Les détails contenus dans les registres sont assez succincts en général (du moins pour ce qui concernent mes ancêtres vendéens) : les meubles ou bestiaux sont rarement listés précisément. Le plus prolixe en la matière est celui de Jeanne Robin en 1840 : "la succession est composée du mobilier propre, à savoir :
1) un lit composé de son bois, paillasse, coëte, traversin, matelas, estimé à 20 francs.
2) un coffre estimé à 3 francs.
3) deux draps estimés à 4 francs.

Total 27 francs"

On notera tout de même quelques successions particulières :
  • celle de Pierre Coutand en 1815. La case Observation porte la mention suivante : par acte du 18/8/1809, passé devant Chenuau, notaire aux Epesses, "ledit Coutand a tout abandonné à ses enfants à la charge de le nourrir". Le détail de ce legs n'a pas été trouvé sur les registres de déclaration de mutation (Pouzauges). 
Par contre l'acte de cession figure bien parmi les minutes notariales ( * ) : "comme son grand äge ne lui permet plus de s'occuper de son travail ordinaire et que [ses enfants] pierre et jeanne coutand sont ses deux apuis [ ?] ayant déjà beaucoup aidé a sa subsistance et entretien par le fruit de leur labeur, il a par ces presentes de sa libre volonté, du consantement et agrément formel [ ?] des dits françois et henri coutand ses deux autres enfants, ( ... ) declare leur cedder et abandonner entout droit de propriété, le tiers pour lequel il étoit fondé dans la communauté générale qui a existé entreux jusqu'à ce jour, et généralement cedder et abandonner auxdits pierre et jeanne coutand et par moitié entreux tous ces biens meubles et effet mobilier de quelque ( ... ) quil soient qui sont tant dans sa demeure que partout ailleurs, que lesdits pierre et jeanne coutand declarent bien connoitre sans qu'il soit besoin d'en faire plus ample designation, lequel tiers du mobilier cidessus ceddé est estimé en temts que de besoin seroit soixante francs."

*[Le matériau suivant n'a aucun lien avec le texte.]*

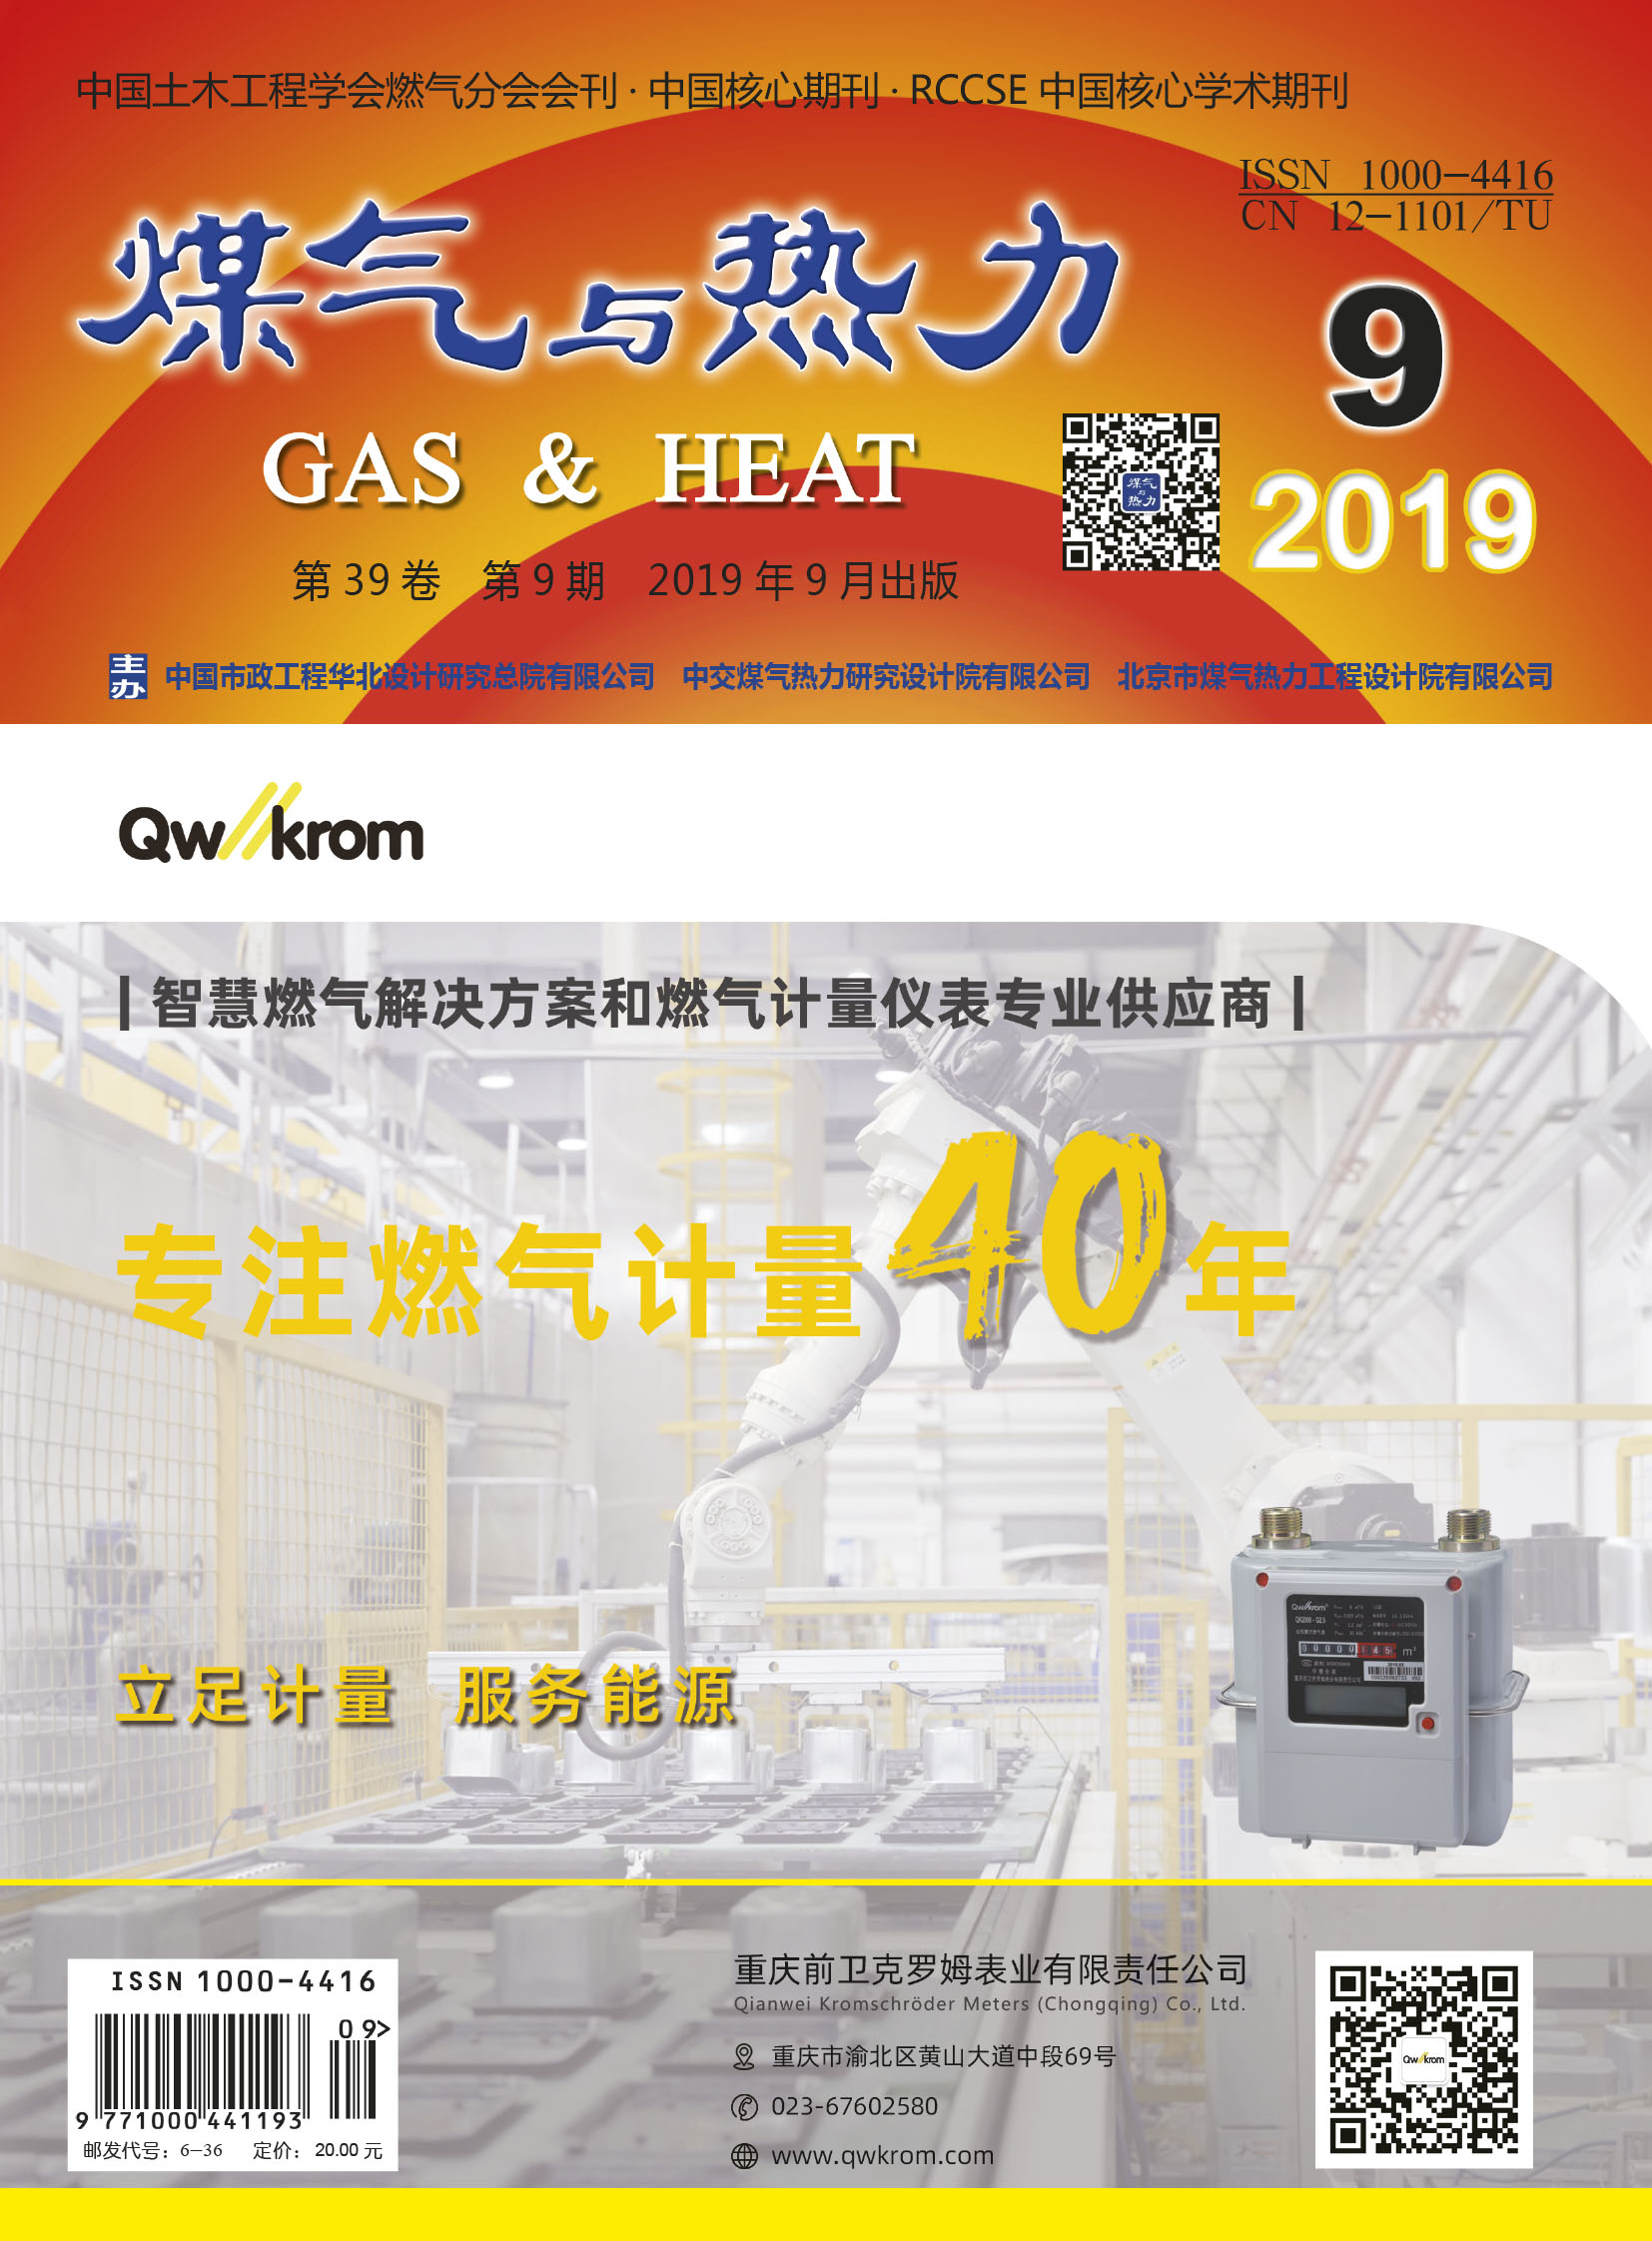 《煤气与热力》2019年9月刊

  •  celle  de François Coutand (fils du précédent) en 1843 : Il n'y a pas de détail sur les héritiers et la succession, mais la case "Numéro du sommier douteux sous lequel l'article a été relevé" est remplie avec le n°944. 
Sur ce sommier sont consignés l'existence de droits impayés ou fraudés (mais ces registres ne sont pas conservés aux archives). Quand le contrôleur a réuni les preuves de l'exigibilité d'un droit ou lorsque le contrevenant se reconnaissait débiteur de l'impôt, l'article était annulé et reporté sur le "sommier des droits certains". A l'inverse, si la réclamation est non fondée ou s'il n'y avait pas de preuves suffisantes pour engager des poursuites, l'article était annulé.
  • celle de Louise Poisbleau en 1839 : un certificat d'indigence a été délivré le 29/1/1840; de ce fait il semble qu'il n'y ait pas d'héritage, et donc pas de déclaration sur le registre de mutation : à la date de la déclaration des successions est apposé la mention "néant". La case des biens déclarés est laissée vierge.  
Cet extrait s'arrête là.